Прогулявшись немного по пляжу, втыкаю посох в песок и сажусь рядом. Надпись на посохе гласит: «Нас двое – мы путешествуем вместе». Говорят, что в странствии паломников сопровождает Кобо Даиси, но мне почему-то кажется, что все люди, которых я повстречала с первого дня приезда, сейчас идут со мной. Они здесь, рядом, терпеливо ждут, чтобы я их заметила. За все эти месяцы у меня впервые есть время спокойно посидеть в одиночестве, подумать обо всех этих людях и о том, чему они меня научили.

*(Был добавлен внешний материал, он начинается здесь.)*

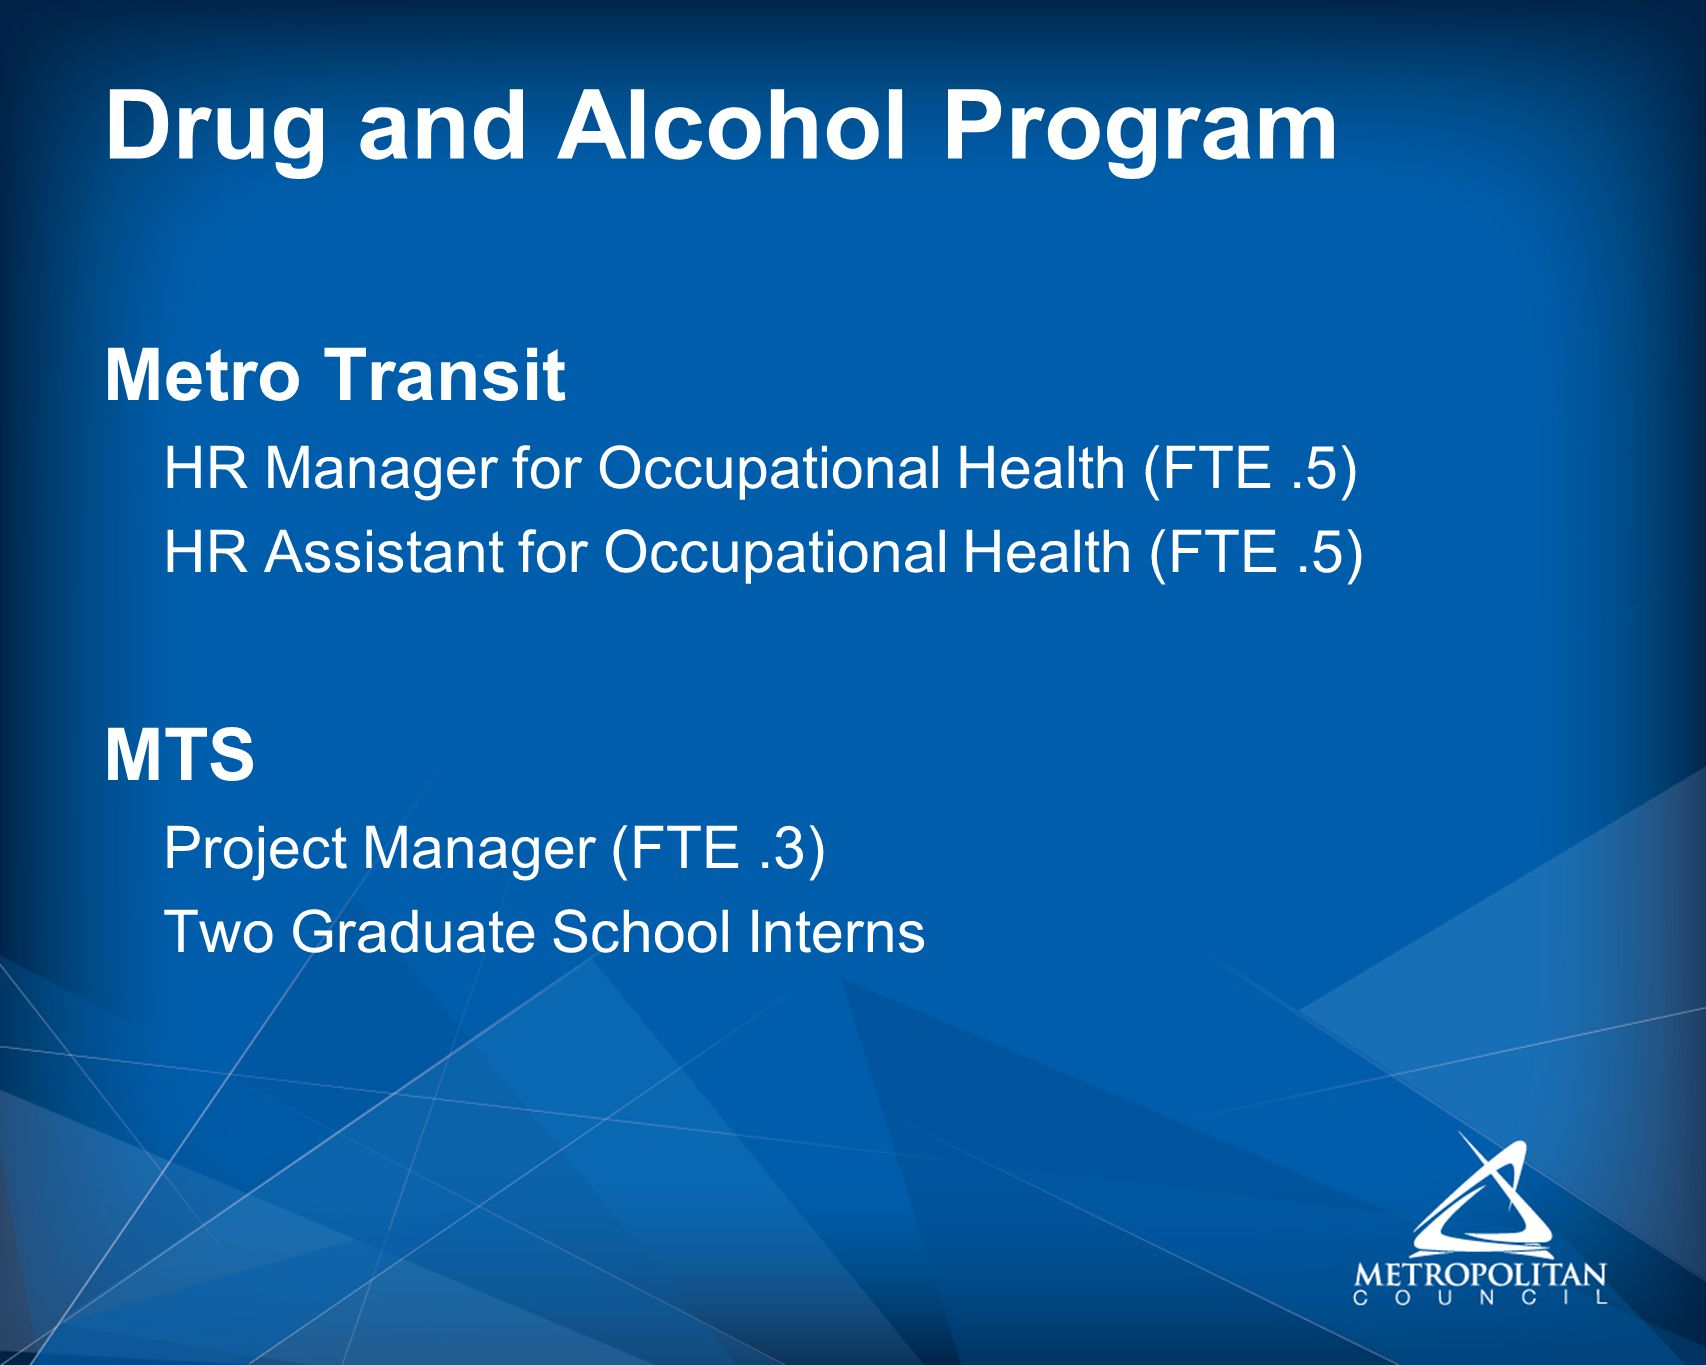 Drug and Alcohol Program Metro Transit HR Manager for Occupational Health (FTE.5) HR Assistant for Occupational Health (FTE.5) MTS Project Manager (FT

Роберто, который сумел стать настоящим японцем, несмотря на неправильный разрез глаз и слишком мускулистую грудь. Он в совершенстве овладел искусством полировки мечей с помощью лишь воды, камня и безграничного терпения. Самурайское самообладание в нем мирно сосуществует с горячей преданностью мечу. Требуется огромное мужество, чтобы подчиниться системе и не бунтовать против ее законов. Роберто объехал полмира, добиваясь осуществления своей мечты. А оказавшись в стране, где иностранцы автоматически считаются вне общества, безропотно смирился с насмешками и клеветой.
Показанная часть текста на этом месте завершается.